N./A.: Desculpem os palavrões... 8D
Faça parecer um acidente...
Fazia um calor terrível naquela noite. A lua tomara todo o calor solar e transportara-o para a Terra como uma forma de protesto em prol do rigoroso inverno que acabara. Apesar do calor insuportável, meu corpo parecia congelar a cada passo que eu recuava. A criatura a minha frente era de uma beleza monstruosa, o limite entre o belo e o horrendo. Seus dentes reluziam à medida que se aproximava do que, a meu ver, tornar-se-ia sua presa. Tentei desvencilhar-me de seus olhos, mas a tentativa foi completamente inútil. Quando dei por mim, estava imóvel, apenas esperanço que a bela criatura tomasse a iniciativa de... Puta merda! Oito e meia?!
Corri como uma condenada até minha mala, vesti a primeira roupa que vi pela frente e sai desasada com a mochila dependurada no pescoço até a cozinha. Estava mais do que atrasada... Meu ônibus saia às oito e meia e o outro só passava dali meia hora... Arrumei uns biscoitos de coco que restaram da noite anterior e corri para a sala, esbarrando em Mirian.
- Você também se atrasou? Escuta, eu esqueci de dizer para você que não precisava me esperar para sair... – Mirian estava com uma cara amarrada, impaciente com alguma coisa que naquela hora, eu nem fazia idéia por qual motivo... – Por que ainda está de pijamas?
- Você não viu o noticiário? Nossa escola fora assaltada essa noite. Disseram que até acharem os bandidos e arrumarem a bagunça que fizeram, as aulas serão canceladas.
BUUM! Foi assim que a notícia chegou até meu cérebro. Comecei a gaguejar na sua frente, parecendo uma criancinha querendo explicar a traquinagem que acabara de cometer... Estava escrito na minha testa – com letras em néon – que fora eu a responsável...
- Eles... Eles têm idéia de quem possa ter feito isso...?
Mirian sentou-se confortavelmente no sofá e pegou a xícara das Meninas Super Poderosas que estava pousada na mesinha de centro – Que eu saiba, a polícia não encontrara nada ainda que possa incriminar alguém...
- Polícia?! Ah mer... Er...
- É... Pelo visto a coisa foi séria... O problema é que vai atrasar todo o conteúdo do colégio...
Conteúdo? Que mané conteúdo, foda-se o conteúdo. Agora sim a coisa estava feia para o meu lado. Havia digitais minhas por todos os lados da sala do Krügger, fora a cerca que eu pulei para escapar do Edward... Hey, deve haver digitais do "Zumbi Presley" lá também!
- Lili Star? Você está bem? Quer sentar ou vai ficar ai na minha frente feito poste de luz?
- ...
- Lili Star?
- ...
Mirian sacudiu as mãos freneticamente na frente dos meus olhos para ver se conseguia chamar atenção, mas foi inútil. Eu não dava a mínima para Mirian. Minha mente estava concentrada demais na palavra polícia...
"Princesa Mirian" dirigiu-se à cozinha e trouxe-me uma xícara de café preto para ver se me tirava do transe. Guiando-me pelo braço, me levou até o sofá e tentou fazer com que eu bebesse aquele maldito café. Estava horrível...
- Mas que merda é essa?
- Café puro, Lili Star... Para ver se você acorda... Anda, toma mais um gole...
- Não tem cerveja? – A tentativa era válida...

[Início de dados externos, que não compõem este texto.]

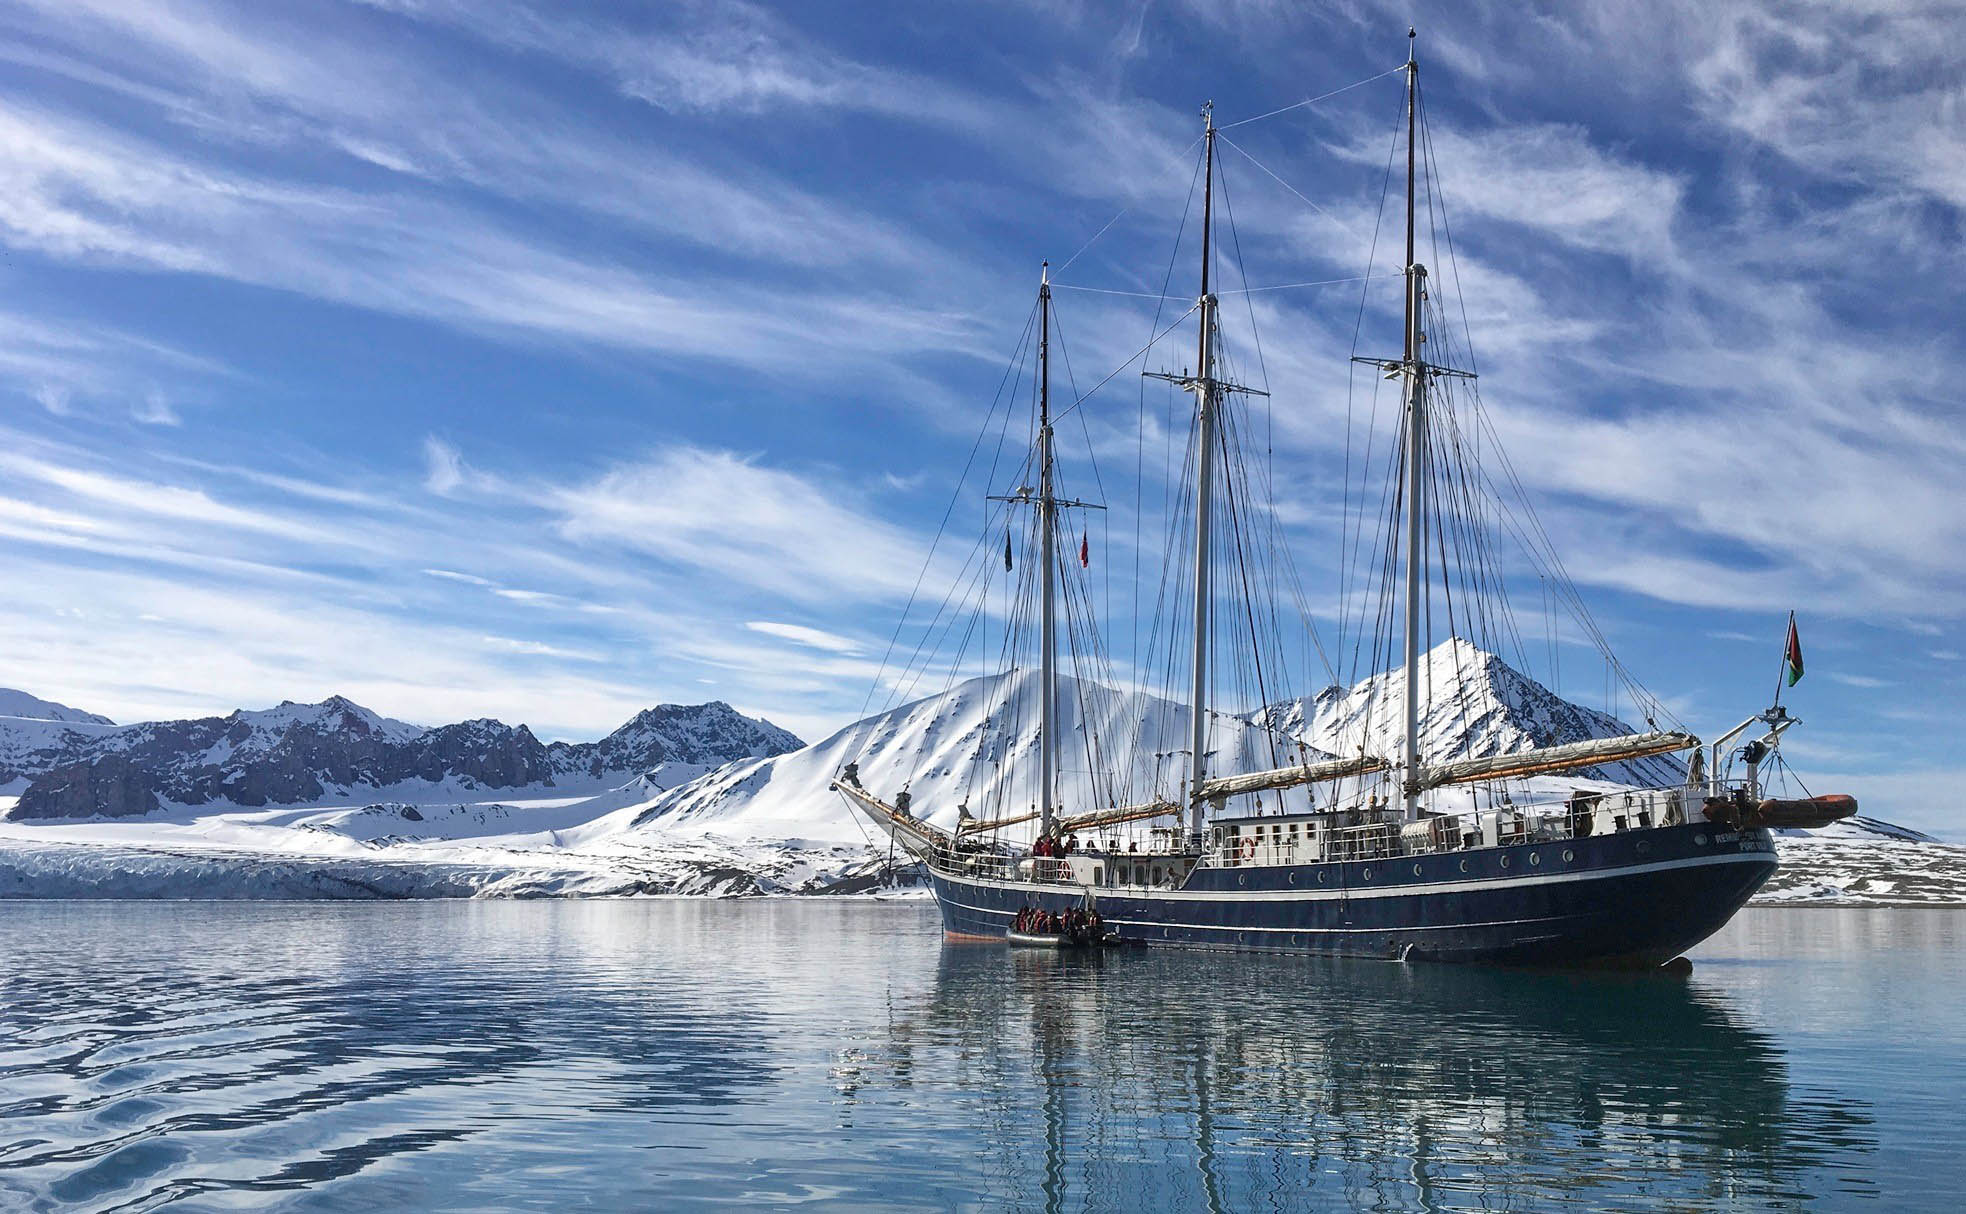 32 Passenger Brigantine in Spitsbergen - Christine Nicol

- Não... Não tomamos essas coisas aqui em casa... Escuta, quer me contar agora o que deixou você nesse estado de uma hora para a outra? – A inocência dela me deixava inquieta. Como ela podia ser tão ingênua? Estava na cara que eu fui a responsável pelo roubo do colégio. Mas ainda sim, aquela ingenuidade poderia me ajudar em alguma coisa. Pelo menos por enquanto...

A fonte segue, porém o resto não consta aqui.